**Exercise brief:** Images in the data are to be skipped, while every line is restated exactly as written.

**The data:**
==========
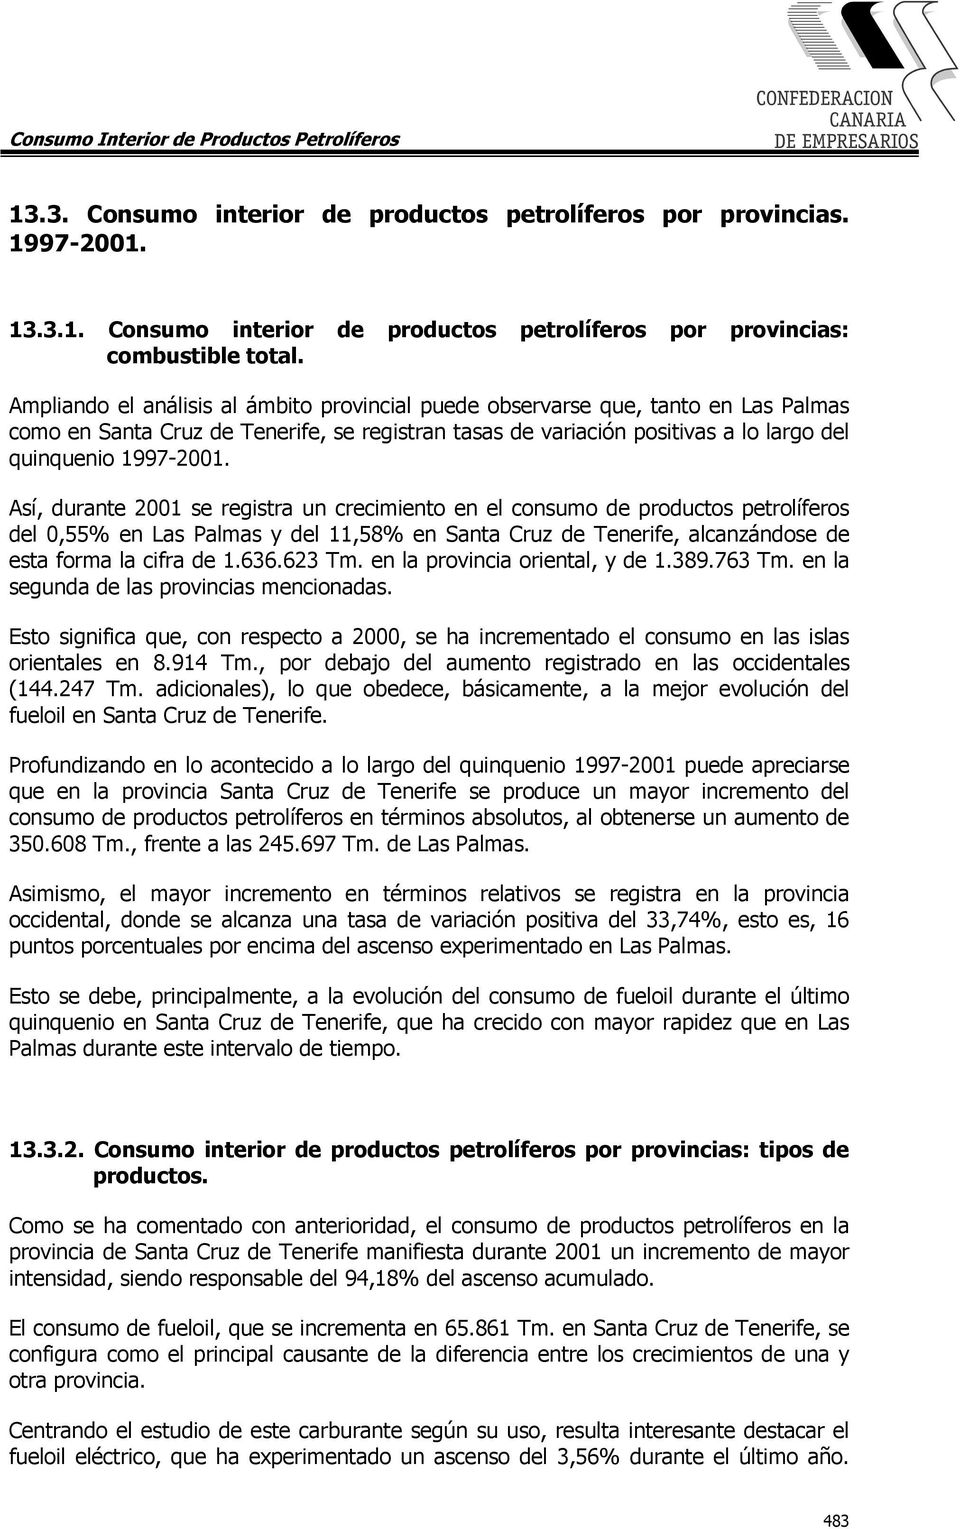 Así, durante 2001 se registra un crecimiento en el consumo de productos petrolíferos del 0,55% en Las Palmas y del 11,58% en Santa Cruz de Tenerife, alcanzándose de esta forma la cifra de 1.636.
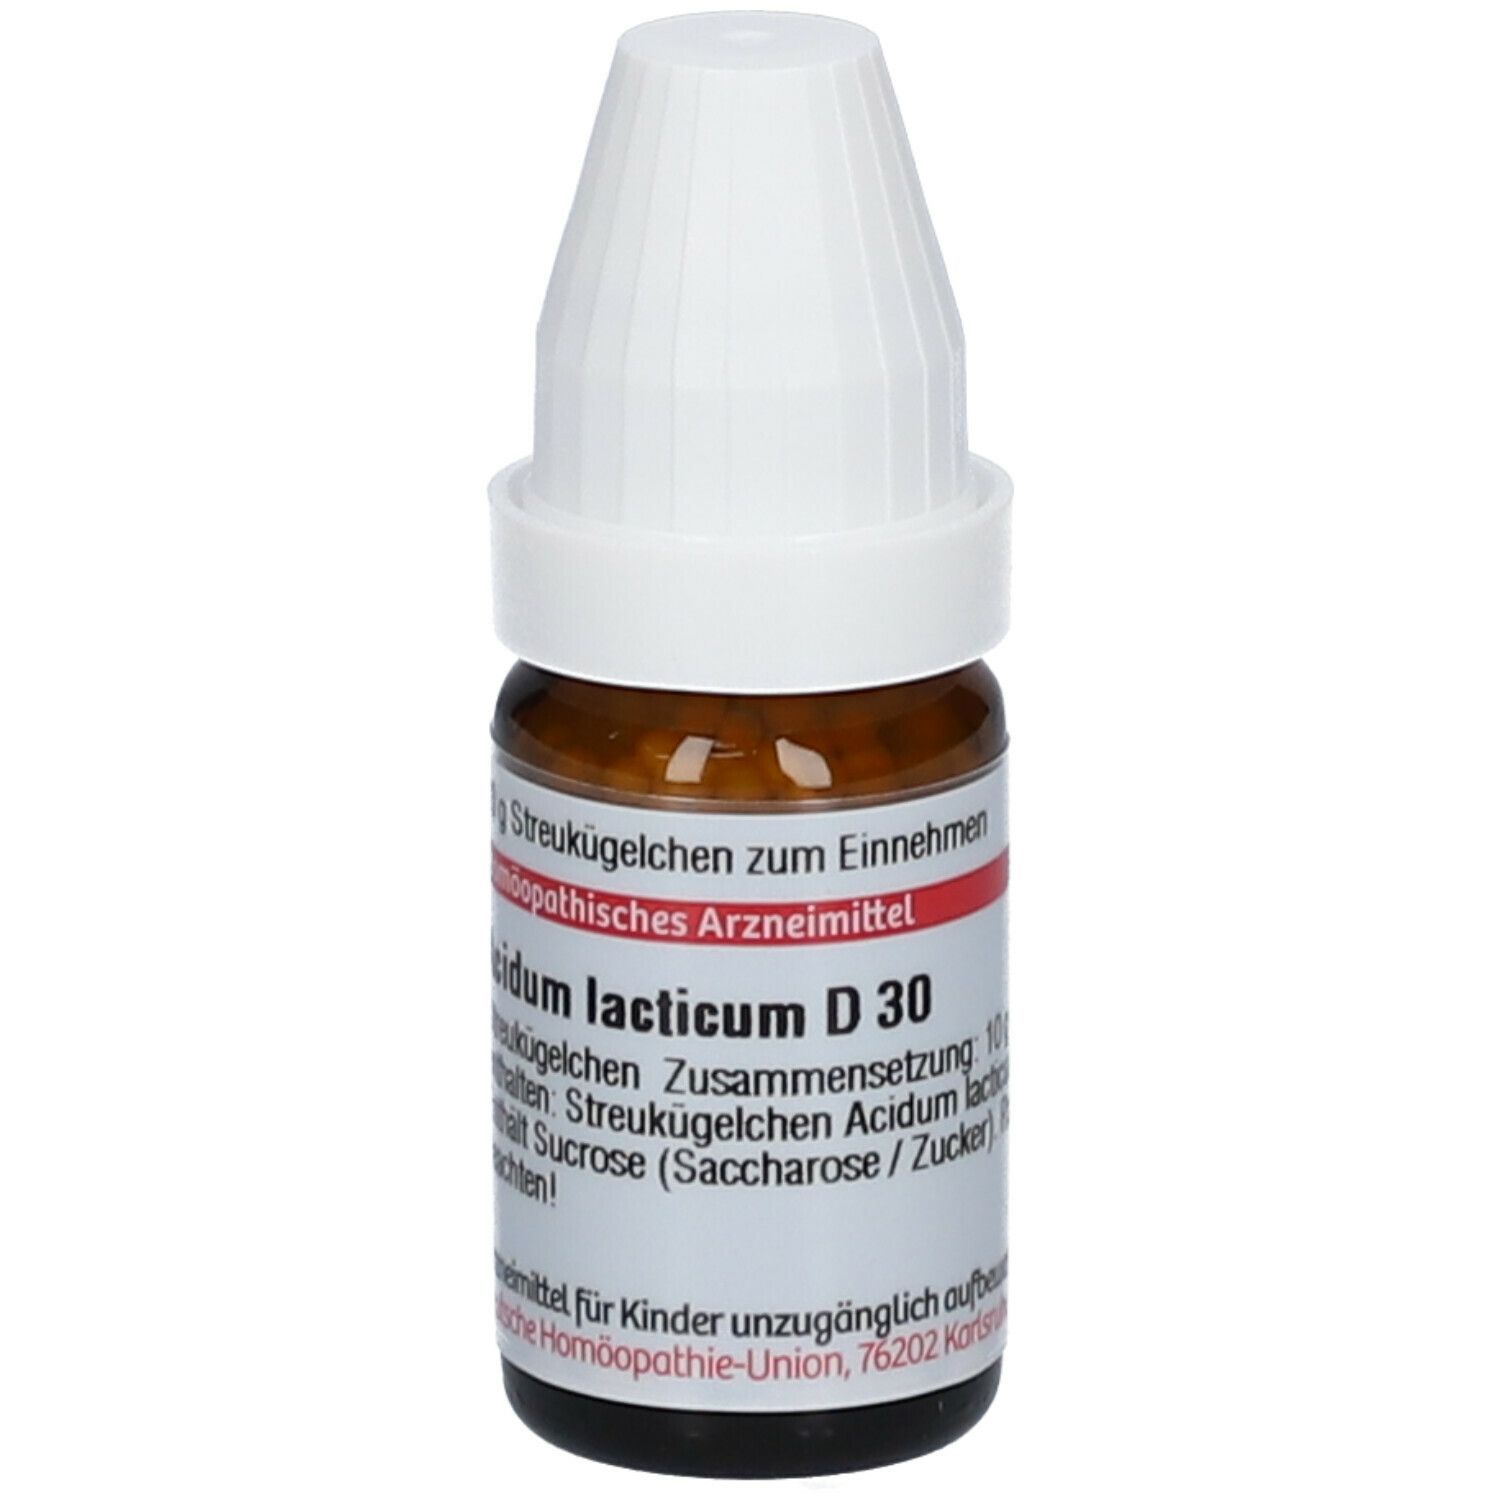 DHU Acidum Lacticum D30
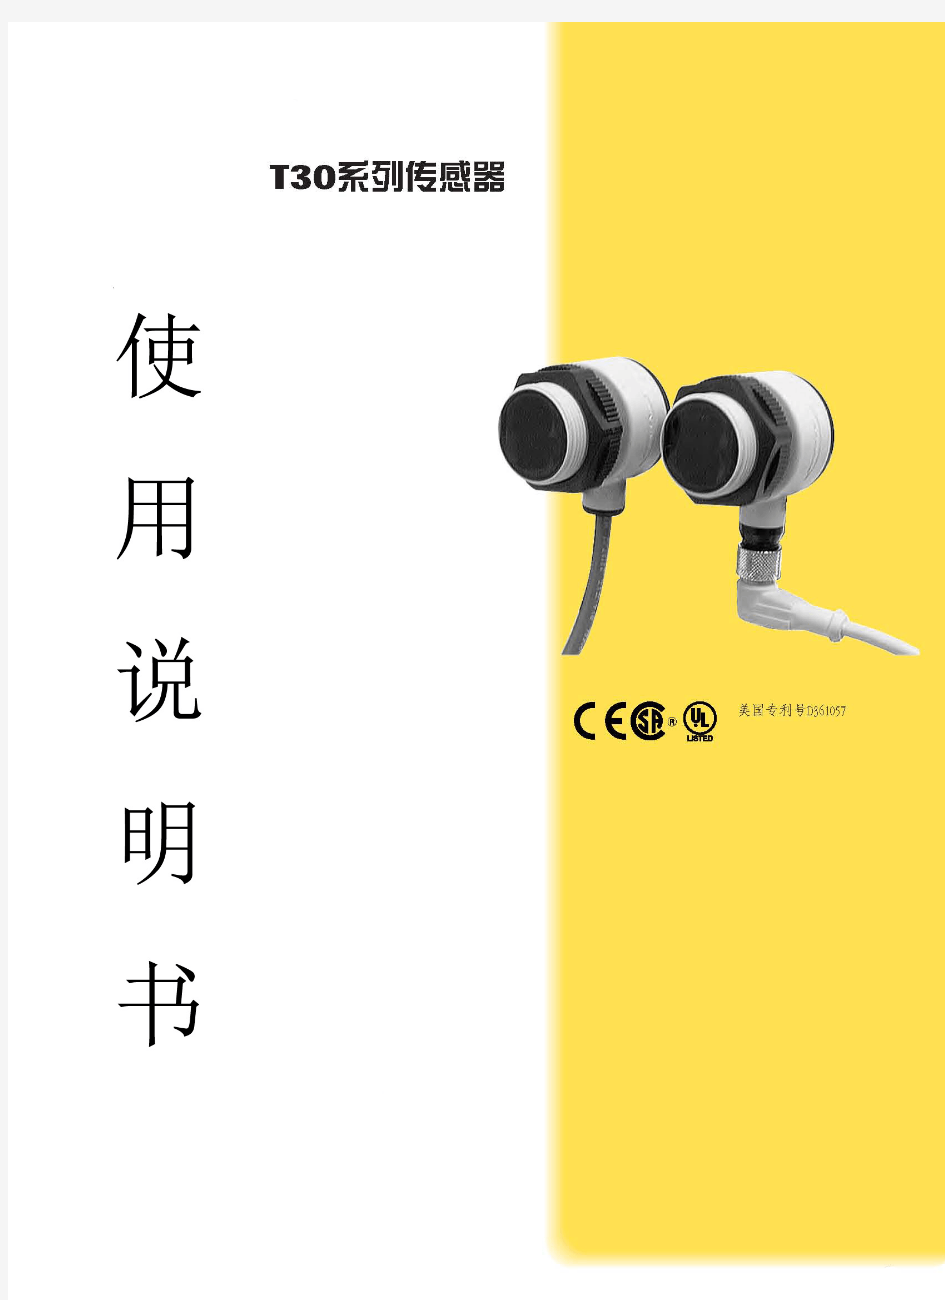 邦纳超声波传感器说明书(中文)
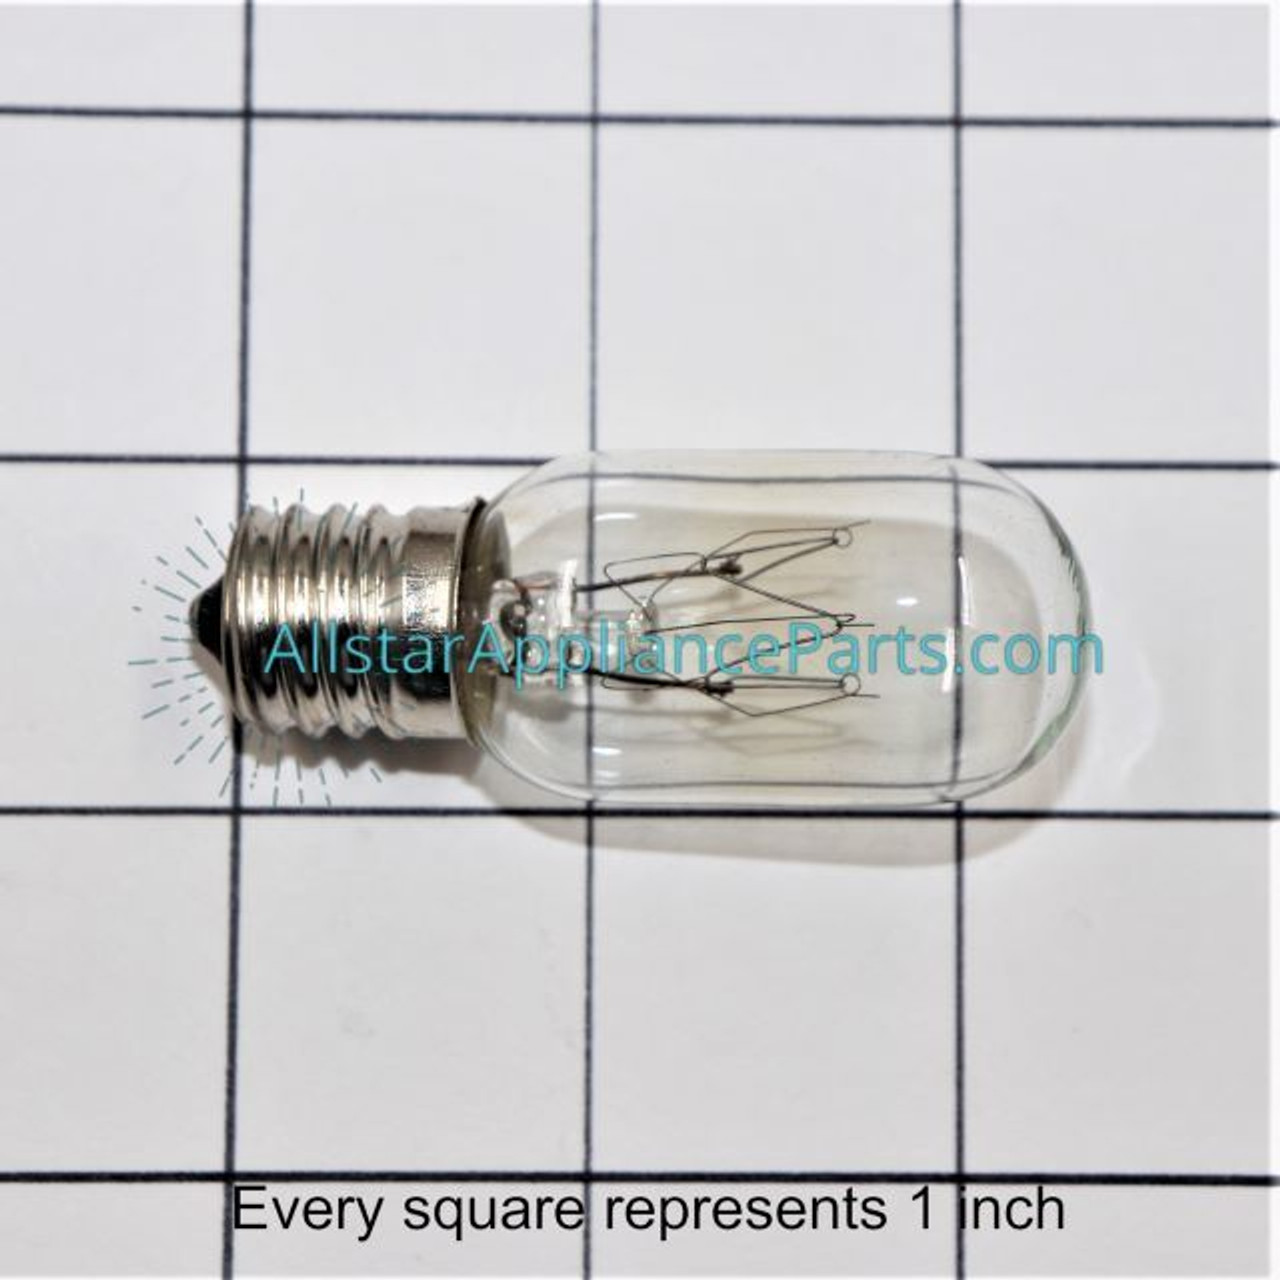 4713-001013 Microwave Light Bulb
==========
**Answer area:**
 Así, durante 2001 se registra un crecimiento en el consumo de productos petrolíferos del 0,55% en Las Palmas y del 11,58% en Santa Cruz de Tenerife, alcanzándose de esta forma la cifra de 1.636.
 DHU Acidum Lacticum D30
 邦纳超声波传感器说明书(中文)
 4713-001013 Microwave Light Bulb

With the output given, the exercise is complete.